Opinion
No. 98-01106.
Opinion filed June 25, 1999.
Appeal from the Circuit Court for Hillsborough County; William Fuente, Judge.
James Marion Moorman, Public Defender, and Cynthia J. Dodge, Assistant Public Defender, Bartow, for Appellant.
Robert A. Butterworth, Attorney General, Tallahassee, and Diana K. Bock, Assistant Attorney General, Tampa, for Appellee.
In 1984, the trial court convicted and sentenced James E. Hinkle for first-degree murder (Count I), attempted first-degree murder with a firearm (Count II), and armed burglary (Count III). This court has twice reversed and remanded Hinkle's case for resentencing. See Hinkle v. State, 480 So.2d 206 (Fla. 2d DCA 1985); Hinkle v. State, 705 So.2d 919 (Fla. 2d DCA 1997). This appeal results from the second resentencing at which the trial court sentenced Hinkle on Counts II and III to twenty years' imprisonment to run concurrently with each other but consecutively to the life imprisonment with a twenty-five-year minimum mandatory sentence on Count I. The trial court's sentence on Counts II and III resulted in an upward departure from the sentencing guidelines based upon an unscorable contemporaneous capital felony. However, the trial court failed to file a written order of departure from the sentencing guidelines. Hinkle raises two issues on appeal, the second of which requires reversal.
First, Hinkle argues that the trial court erred in departing from the guidelines because he had been convicted of an unscored capital felony.
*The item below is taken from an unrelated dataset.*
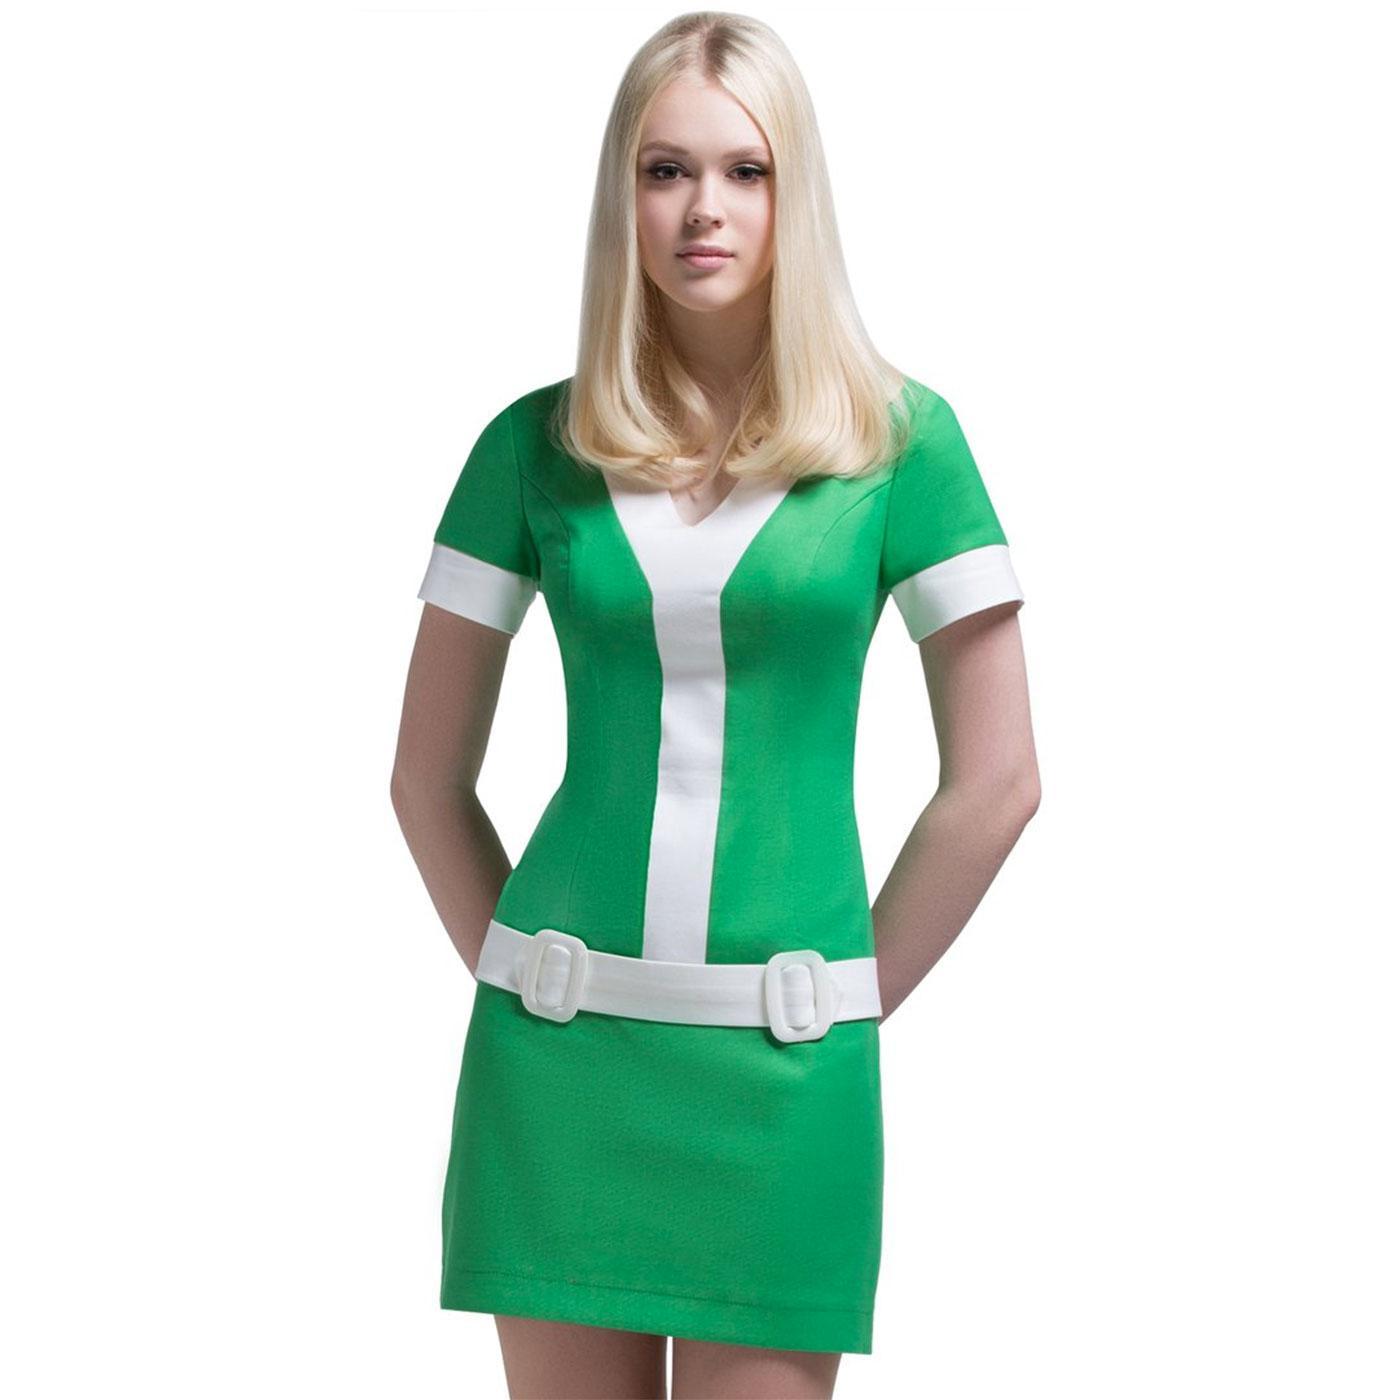 MARMALADE Retro 60s Short Sleeve Mod Dress Green

However, an unscored conviction for a contemporaneous capital felony is a valid reason for upward departure. See Bunney v. State, 603 So.2d 1270, 1271 (Fla. 1992); Trice v. State, 719 So.2d 17, 19 (Fla. 2d DCA 1998), review denied, 729 So.2d 396 (Fla. 1999). Accordingly, the trial court did not err by departing on this basis.
Second, Hinkle correctly argues that the trial court erred in failing to file written reasons for departure. It is well-settled that the failure to include written reasons for departure requires a reversal for resentencing within the guidelines. See State v. Colbert, 660 So.2d 701, 702 (Fla. 1995); Culver v. State, 727 So.2d 278, 279 (Fla. 2d DCA 1999); State v. Campbell, 673 So.2d 925, 925 (Fla. 2d DCA 1996). Accordingly, we reverse and remand for resentencing on Counts II and III within the 1997 sentencing guidelines.
Hinkle is correct that this issue may be reviewed on direct appeal even though he failed to preserve it below. Pursuant toDenson v. State, 711 So.2d 1225, 1230 (Fla. 2d DCA 1998), this court will review an unpreserved sentencing error that does not rise to the level of fundamental error if it is a serious, patent sentencing error and the court is already reviewing a preserved issue in that case. See also Bain v. State, 730 So.2d 296 (Fla. 2d DCA 1999). The failure to file written reasons for departure constitutes a serious, patent sentencing error because the departure results in a greater sentence. Because the first issue raised by Hinkle presents fundamental error and is properly before this court, this court may consider the second issue as well.
Although Hinkle committed the underlying offenses in December 1983, he elected to be resentenced under the guidelines in effect at resentencing.
PARKER, C.J., and PATTERSON and DAVIS, JJ., Concur.